Sure, go ahead Joerg. I don't think there is much difference between the versions? I looked at your Stockfish branch but I did not find any code there yet.
Eelco
Debugging is twice as hard as writing the code in the first
place. Therefore, if you write the code as cleverly as possible, you
are, by definition, not smart enough to debug it.
-- Brian W. Kernighan
syzygy wrote:Quite a few KBBvKN positions need more than 50 moves for capturing the knight.
More accurately: the vast majority. (After you weed out the positions where the Knight is tactically lost in 1 or 2 ply from the very beginning, because it is hanging, or victim of a skewer etc.) If the engine cannot see the gaining of the Knight within its horizon, it should better assume KBBKN is a draw.
Stockfish seems to be pretty backward in its end-game knowledege. I don't think Fruit 2.1 would make the mis-evaluation of the original post. White has no Pawns, and that fact alone deserves a 50% reduction of its naive evaluation advantage.
Fruit would group this material combination in the 'minor ahead, no Pawns' class. Which is severely discounted (a factor 8?). That the defending side has one or two Pawns doesn't make it any easier, and is only taken into account in the sense that it reduces the naive advantage even before the discount is applied.
Joerg Oster wrote:
Edit: Oh, I just realize you did test it, but no draw score
I just left in the bonus for trying to capture the Knight, to give the engine something to do. This is more Swindle mode of sorts but it does not really help. With or without the knight there is no way without help from the other side and then even with a knight I think I can't construct a position where it is mate in a corner by a blunder. If trying to capture the knight takes more than 50 moves though in general I think Marco had better move back to Tord's original version that correctly scores a draw with same coloured bishops... Very subtle! I find it a bit cheap of Harm to accuse Stockfish of having poor endgame rules on the basis of one bug found more or less by accident.
Eelco
Debugging is twice as hard as writing the code in the first
place. Therefore, if you write the code as cleverly as possible, you
are, by definition, not smart enough to debug it.
-- Brian W. Kernighan
Uh? I was not talking about the like-colored-Bishops bug here, but about the KBBKBP evaluation in the original post. I don't think this can be traced to any bug. The white Bishops there are a regular pair. It seems a plain omission.
This seems rather a symptom of a very general problem, namely that it does not know that when KXYKZ is a dead draw, KXYKZP and KXYKZPP is even worse. Have you tried this with KRKBP, KRKNP, KBNKNP, KBNKBP, KRBKRP, KRNKRP, KQBKQP, KQNKQP? Fruit (a 10-year-old engine!) would recognize all these material combinations as heavily drawish.
I don't think there is anything 'cheap' in concluding that an engine completely unaware of such elementary facts has 'poor end-game knowledge'.
Well, I sometimes have my doubts how real 'real' really is. It is rather fashionable nowadays to cull all knowledge out of Chess egines. That entails the risk that they now almost all make the same silly mistakes, so that it doesn't hurt much when you make them yourself too. The term 'incestuous testing' has been coined for this.

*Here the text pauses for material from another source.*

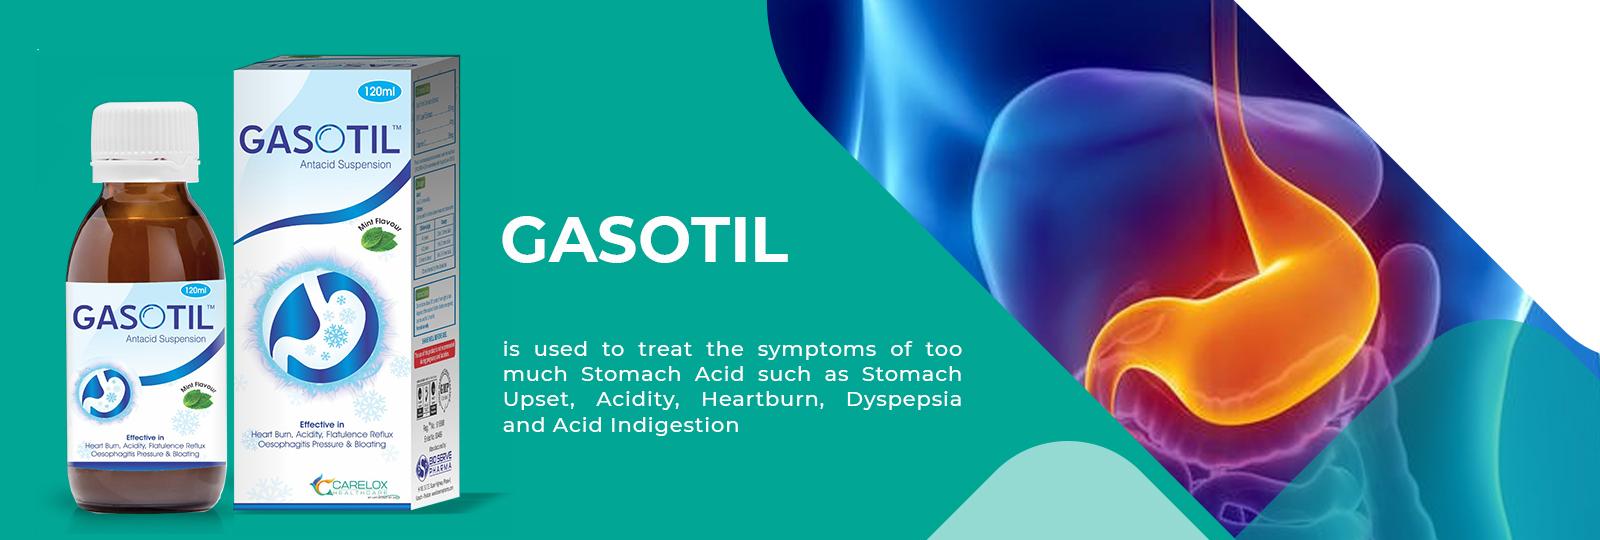 Gasotil-banner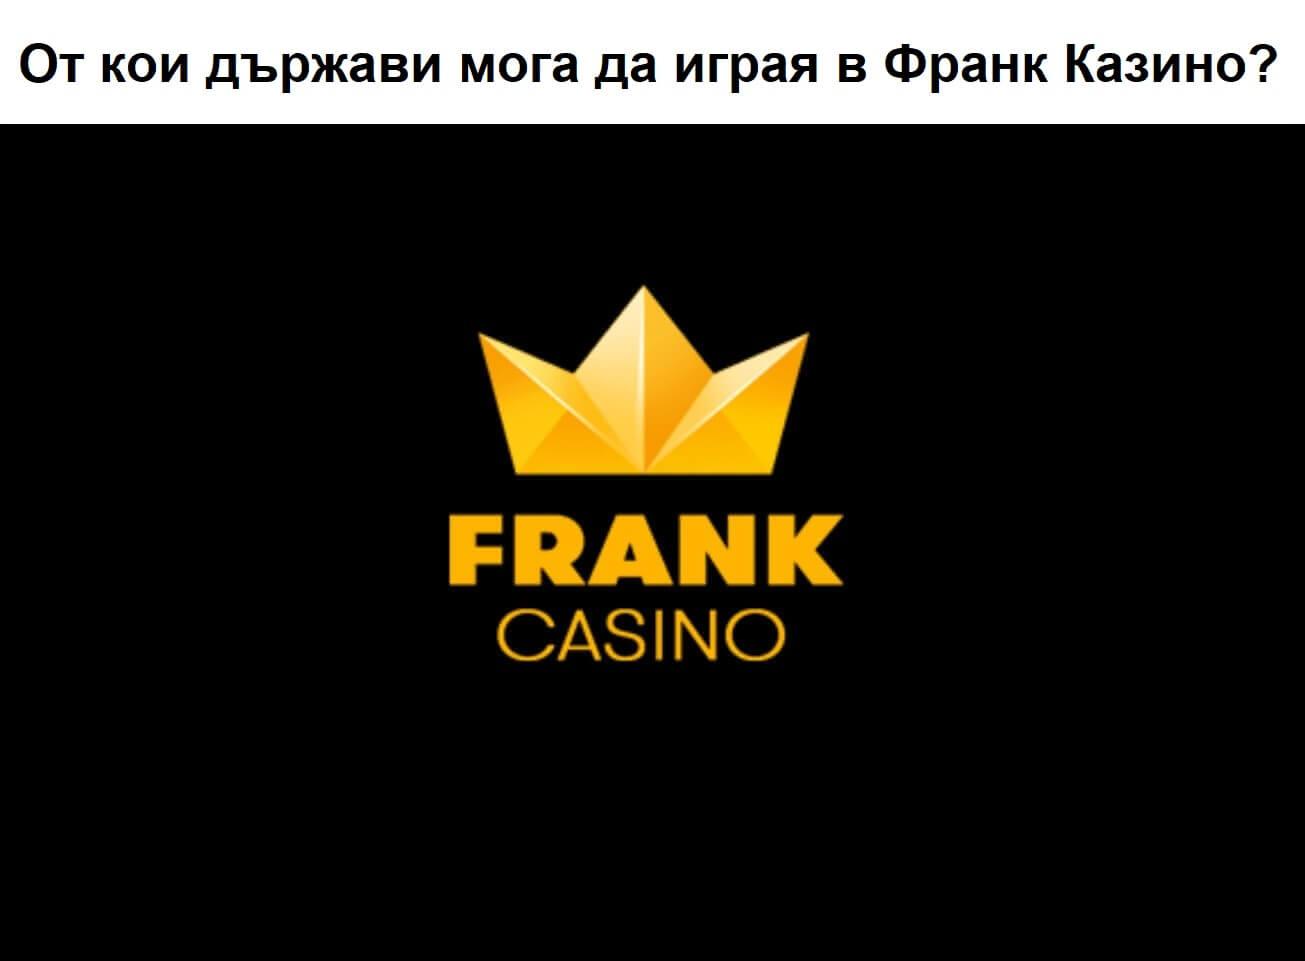 В кои държави можете да играете Франк онлайн казино

It is hard for me to believe that not knowing someting as elementary as that without Pawns being a minor ahead is still a dead draw could not be efficiently exploited by an opponent that does know it. Especially by an opponent that knows you are naive in this respect. Just like Pablo exploits that engines are naive towards closing the position. But if you only test agains opponents that would never sucker you for a draw, you wouldn't see the difference. But could you still call such testing 'real game-play'? We might well be creating our own virtual reality here.
The funny thing with the under-promotion is not only that it doesn't recognize the like Bishops, but that it thinks KBBKN is better than KQBKN in the first place. Even with unlike Bishops KBBKN is almost always a 50-move draw against best defense, while KQBKN of course always wins. Recognizing KBBKN as a 'certified win' seems an example of 'wrong knowledge'.
Would there be some alternative testing track that could uncover these kinds of problems and clean them up? Something like randomly generated positions with playouts? Maybe take a randomly generated position and try a self-playout vs a playout vs another engine. Of course "randomly generated" is an extremely wide net, might be some ways to narrow that down without missing the interesting cases we want to detect.